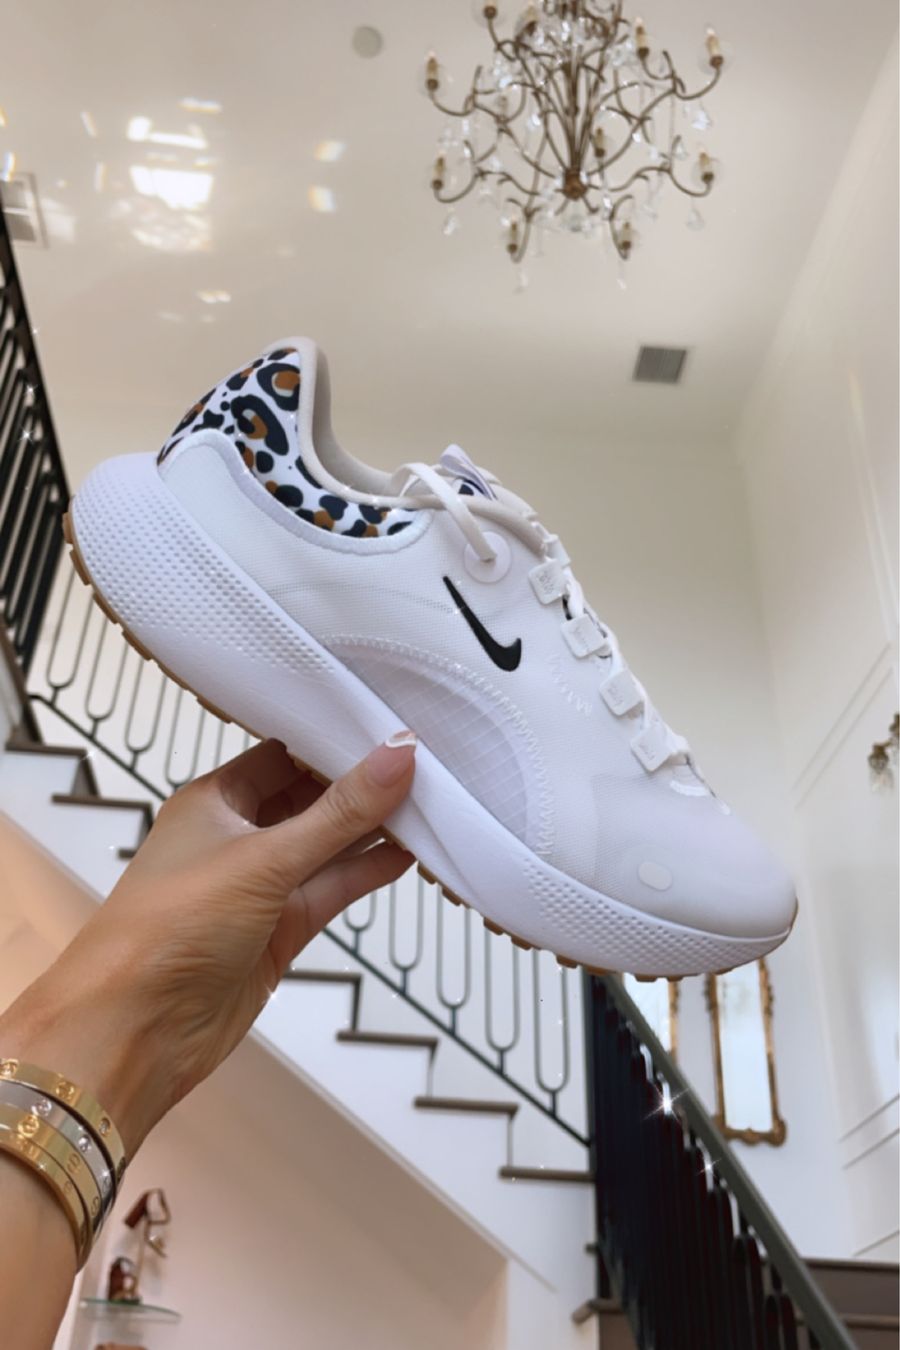 Nike Sneakers, Leopard Print Sneakers, White Sneakers, White Tennis Shoes, Nordstrom Sale Women's Shoes, Emily Ann Gemma | Instagram Recap by popular US life and style blog, The Sweetest Thing: image of Emily Gemma holding a white leopard print Nike sneaker. 
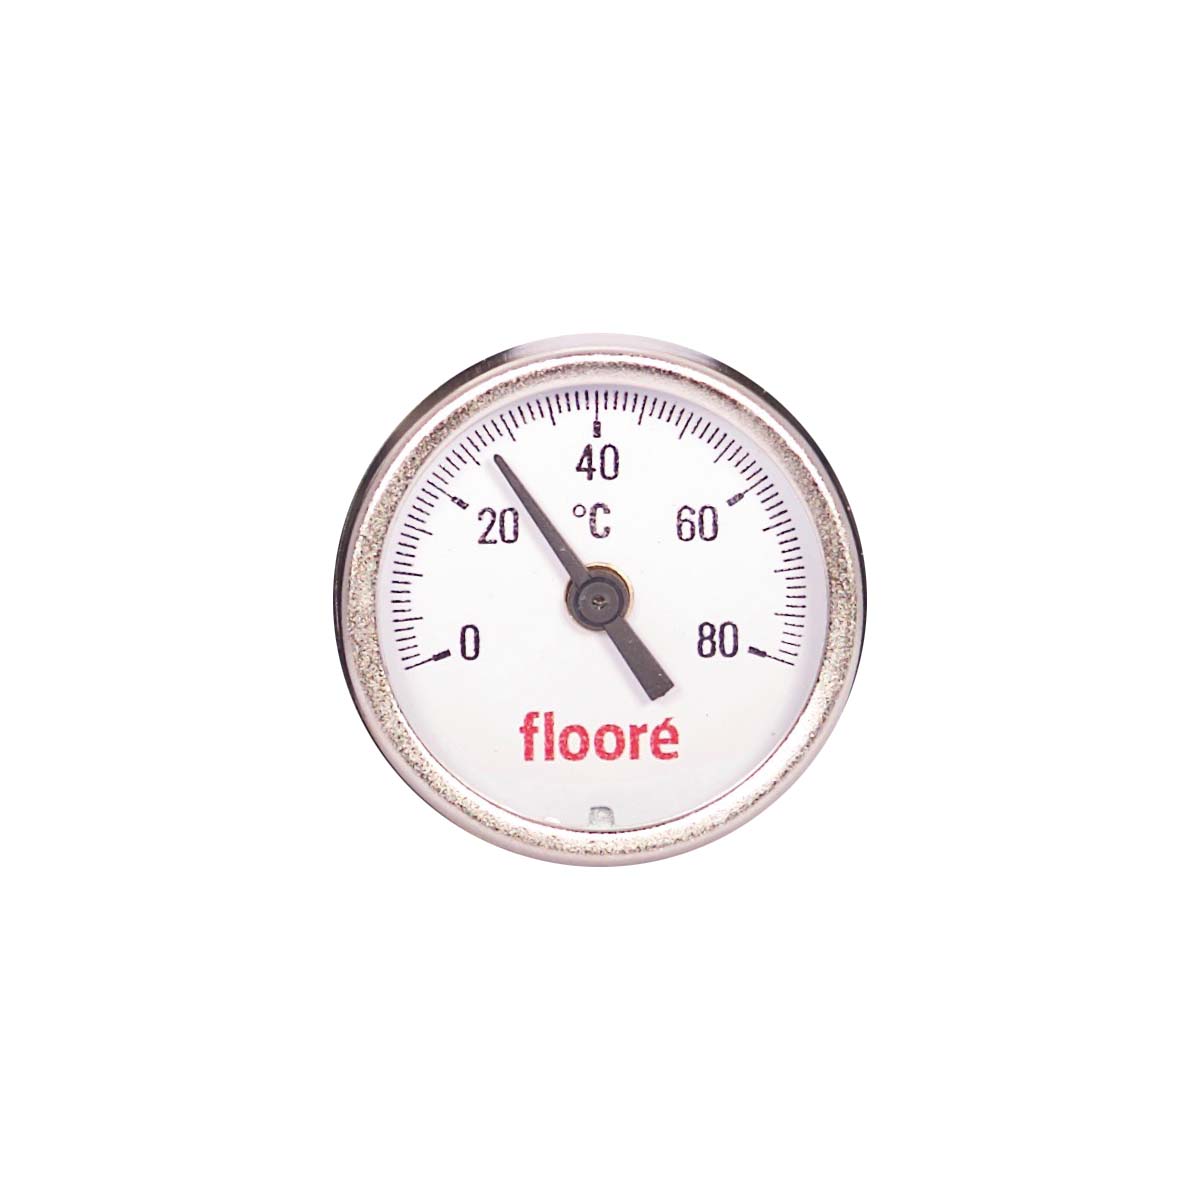 Featured image for “Thermometer for underfloor heating manifold”
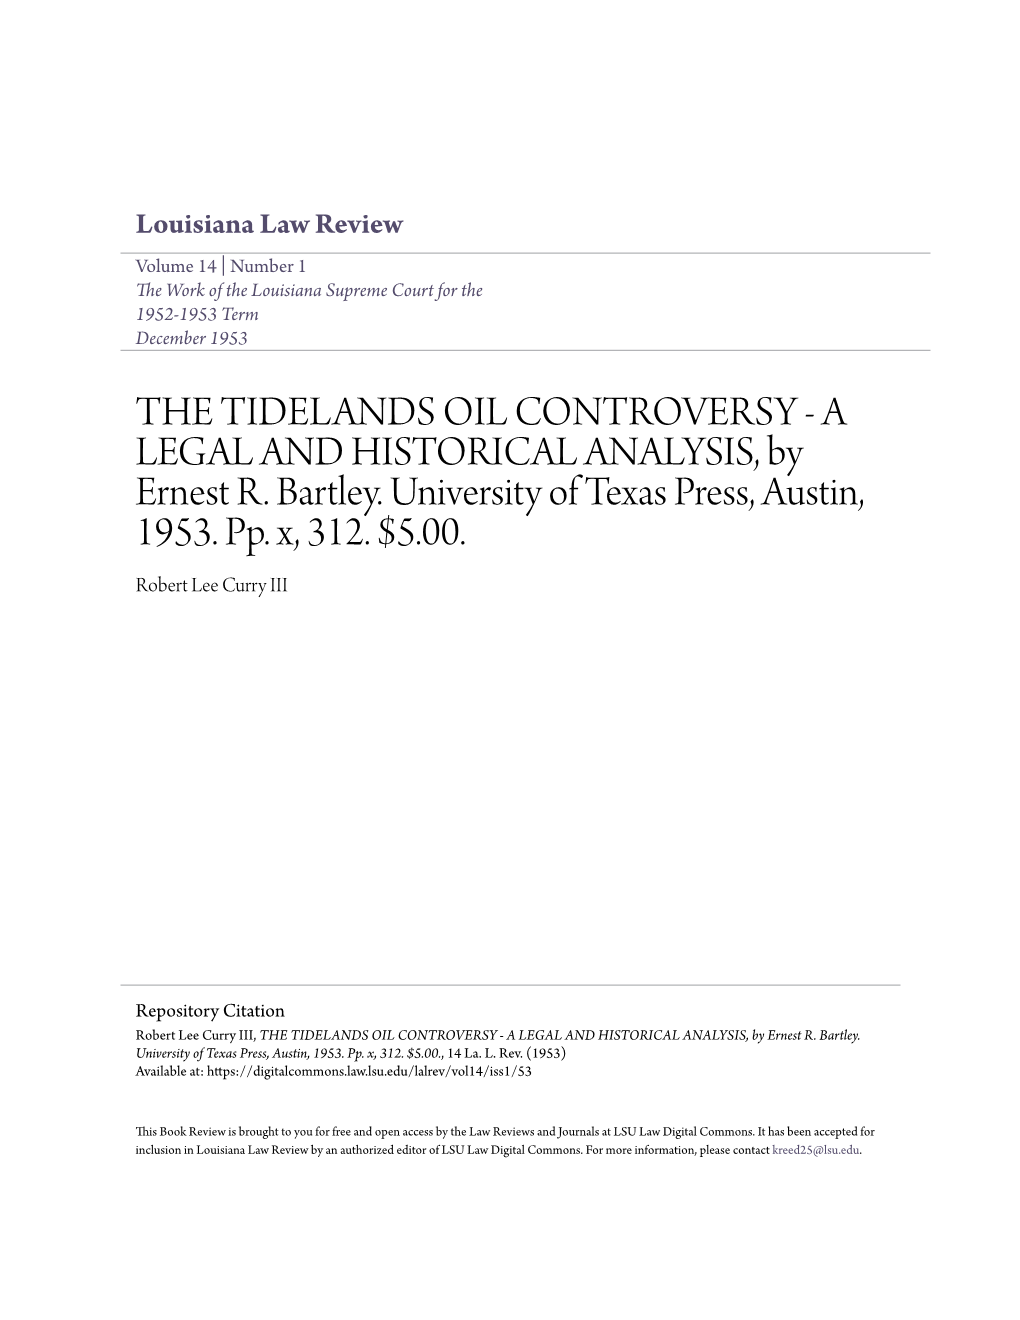 THE TIDELANDS OIL CONTROVERSY - a LEGAL and HISTORICAL ANALYSIS, by Ernest R

• • • •

## Problem requirements
Make an exact copy of all the material, but keep the pictures out of it.

## Output for this task
 Nike Sneakers, Leopard Print Sneakers, White Sneakers, White Tennis Shoes, Nordstrom Sale Women's Shoes, Emily Ann Gemma | Instagram Recap by popular US life and style blog, The Sweetest Thing: image of Emily Gemma holding a white leopard print Nike sneaker. 
 Featured image for “Thermometer for underfloor heating manifold”
 THE TIDELANDS OIL CONTROVERSY - a LEGAL and HISTORICAL ANALYSIS, by Ernest R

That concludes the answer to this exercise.